The more you facet a dataset, the more you can confuse yourself. Here it’s pretty easy.

First, across the three columns, we’ve divided the data by years. Then, top and bottom rows are quarters where there were or were not major injuries. Again, there’s either zero major injuries or one. If there was a quarter with seven major injuries, we’d have three rows labeled 0, 1 and 7.

So this is pretty useful. First off, 2014 had two quarters with a major injury vs. 2015 and 2016. And these happened when there were generally fewer force incidents than in subsequent years.

But look at 2016: without the one quarter that had a major injury, there’s actually a negative, downward trend in terms of use of force vs. officer injuries. In other words, even though use of force in response to resistance was increasing, injuries to officer were going down.

Plot for publication

Let’s create a final scatter plot to show what we found.

#---------------------
# This function set styles for the chart
# Be sure to run it before you plot

theme_gfx <- function(...) {
  theme_set(theme_get() + theme(text = element_text(family = 'Verdana', size= 12, lineheight=0.9))) + 
    theme(
      # edit background colors
      plot.background = element_blank(),
      legend.background = element_blank(),
      panel.background=element_rect(fill="#E5E5E5"),
      strip.background=element_rect(fill="#E5E5E5"),
      # modify grid and tick lines
      panel.grid.major = element_line(size = .6, color="#D2D2D2"),
      panel.grid.minor = element_line(size = .6, color="#D2D2D2", linetype = "dashed"),
      axis.ticks = element_blank(),
      # edit font sizes
      plot.title = element_text(size = 27,face="bold"),
      plot.subtitle = element_text(size = 18),
      #legend.title=element_text(size = 13,face="bold"),
      legend.text=element_text(size=14.7),
      axis.title=element_text(size=15, face="bold"),
      axis.text=element_text(size=13.5),
      plot.caption=element_text(size=13.5, hjust=0),
      strip.text = element_text(face="bold", size=13.5, hjust=0),
      # This puts the legend across the top
      legend.position="top", 
      legend.direction="horizontal",
      # removes label for legend
      legend.title = element_blank(),
      ...
    )
}

#-----------------
# create the plot

officer <- ggplot(dfLook) +
  aes(x=force, 
      y=Total_officer
  ) + 
  geom_point(stat="identity", 
             size = 3,
             shape=21,
             #alpha=I(.5),
             aes(
               color=factor(year),
               fill=factor(year) )
  ) +
  geom_smooth(method=lm,se=FALSE) +
  theme_gfx() +
  scale_y_continuous(limits = c(0, 10), breaks=c(seq(0,10,2)) ) #+
  #scale_x_continuous(limits = c(0, 44), breaks=c(seq(0,44,2)) )

# add all the titles.
officer <- officer + 
  labs(
    title="Headline",
    subtitle="Intro",
    x="USE OF FORCE INCIDENTS",
    y="INJURIES TO OFFICERS",
    caption="\nSource: Elgin police")

# color scheme - comment out for B/W PDF
officer <- officer + scale_colour_manual( values = c("#0063A5", "#DE731D", "#009964", "#DA2128", "#6F2C91") ) + scale_fill_manual( values = c("#0063A5", "#DE731D", "#009964", "#DA2128", "#6F2C91") )
# make B/W PDF - remember to change name of file!
#officer <- officer + scale_colour_grey(start = 0, end = 0.75) + scale_fill_grey(start = 0, end = 0.75)

officer

By this time, you should be able to understand most of what we’ve done. A few notes:

We used factor(year) on both color and fill. Color makes the outline for the shape (21) the same color as the fill. If we had so many points that we needed to make them transparent ( with alpha=I(.5) ), the lines would still be solid while the fill would be transparent. Just a design choice.

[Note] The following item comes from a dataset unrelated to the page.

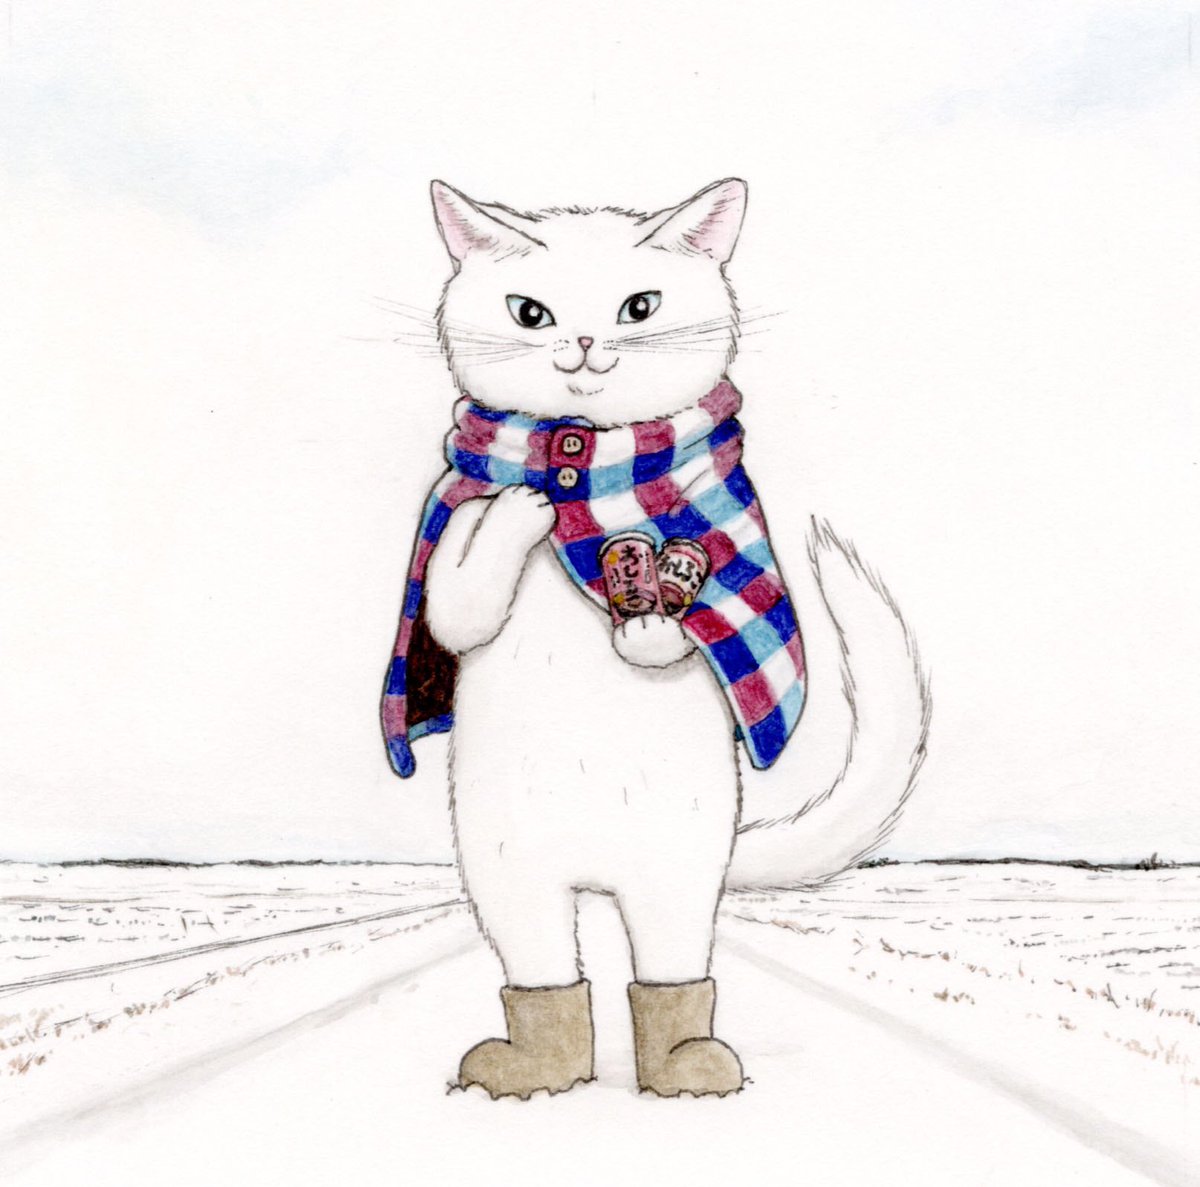 「『おしること彼氏猫』寒かったけんぬくいの買っちょいたわ好きな方、取ったらいいけん」|エルクポットの動物群像絵🐾のイラスト

The other thing we did is hide the confidence interval around the trendline with geom_smooth(method=lm,se=FALSE). With so few data points,the interval didn’t add much. Plus we’d have to explain it in an extensive note.

Finally, although we adjusted the y axis we did not do the same for the x axis. Does it need the zero point or is the labeling on there clear enough?

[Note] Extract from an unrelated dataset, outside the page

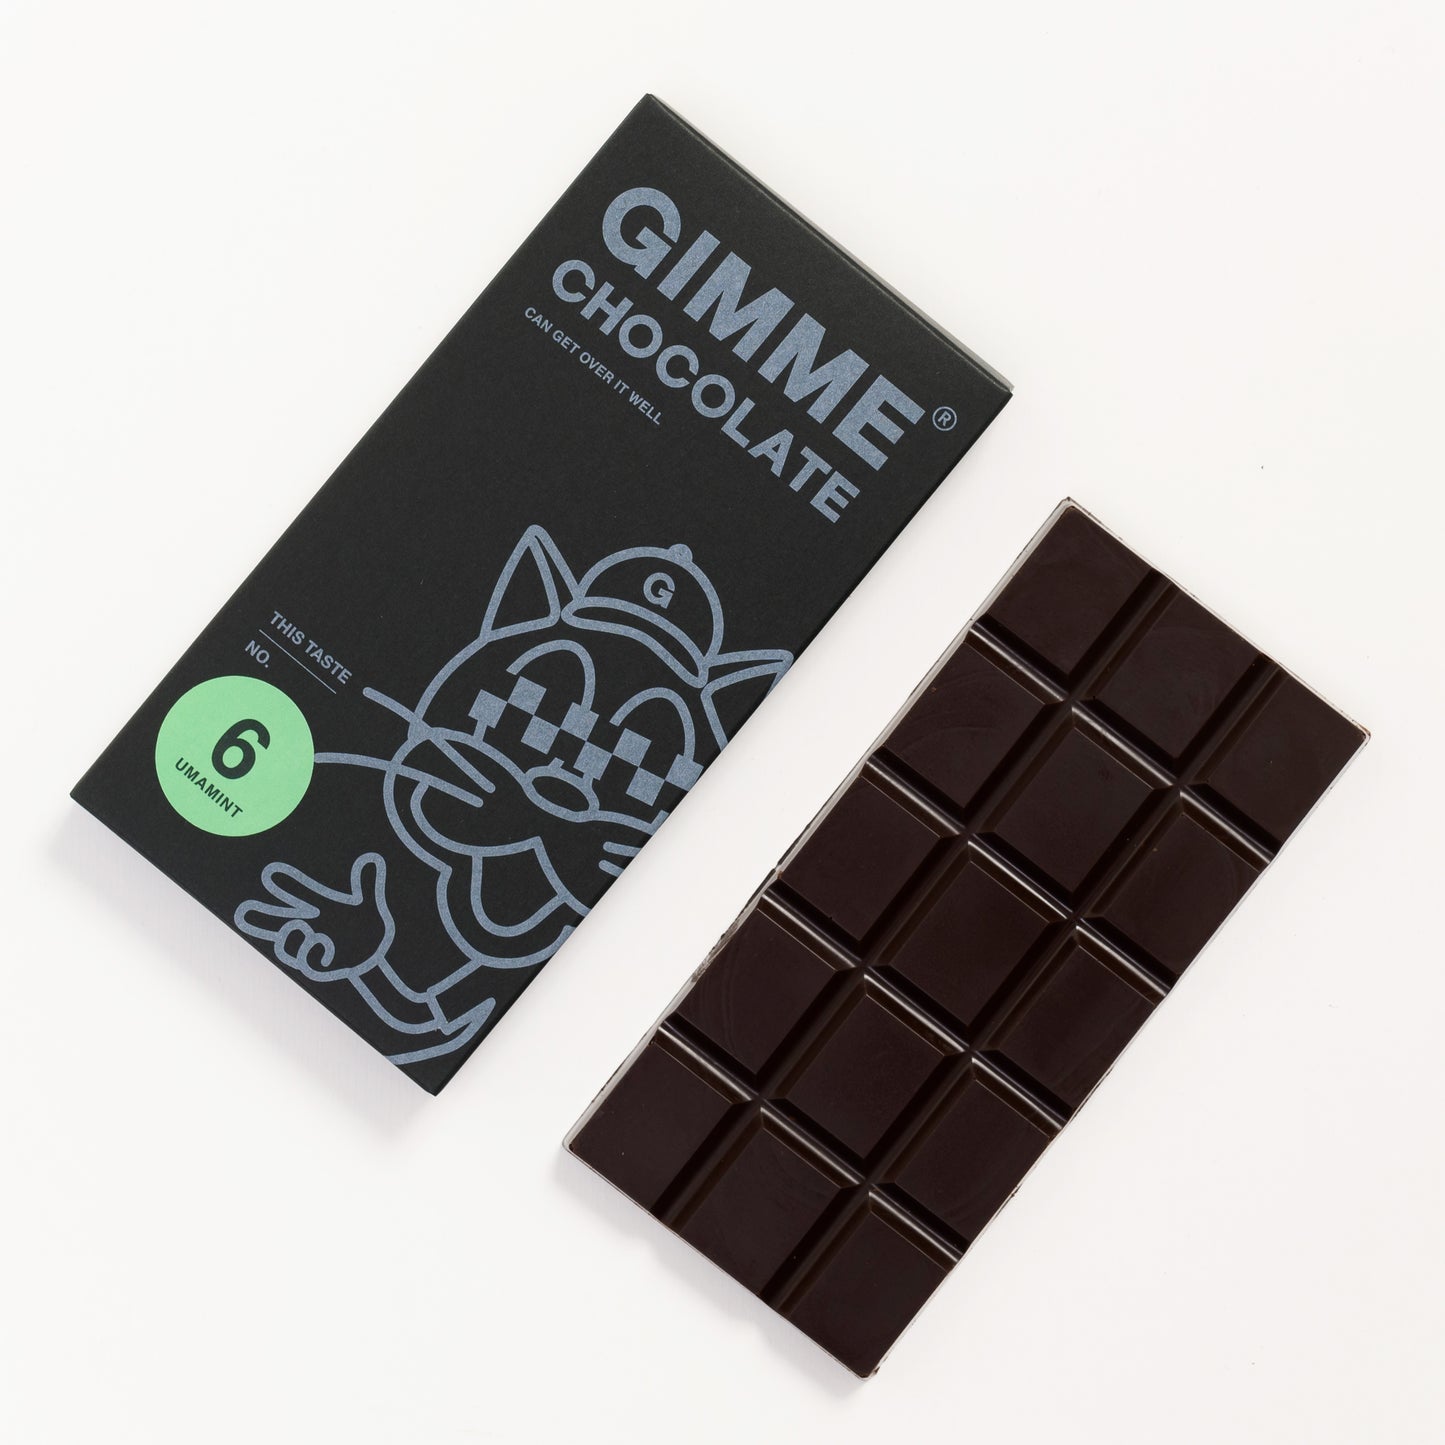 GIMME CHOCOLATE「UMA MINT」50g

As far as what the chart shows, the intro could be something like this: In spite of officers increasing their use of hand-to-hand techniques in response to resistance, the number of officers injured has not increased at the same rate.

Try it yourself

Using the code and data we already have, see how injuries to suspects compare to use of force incidents.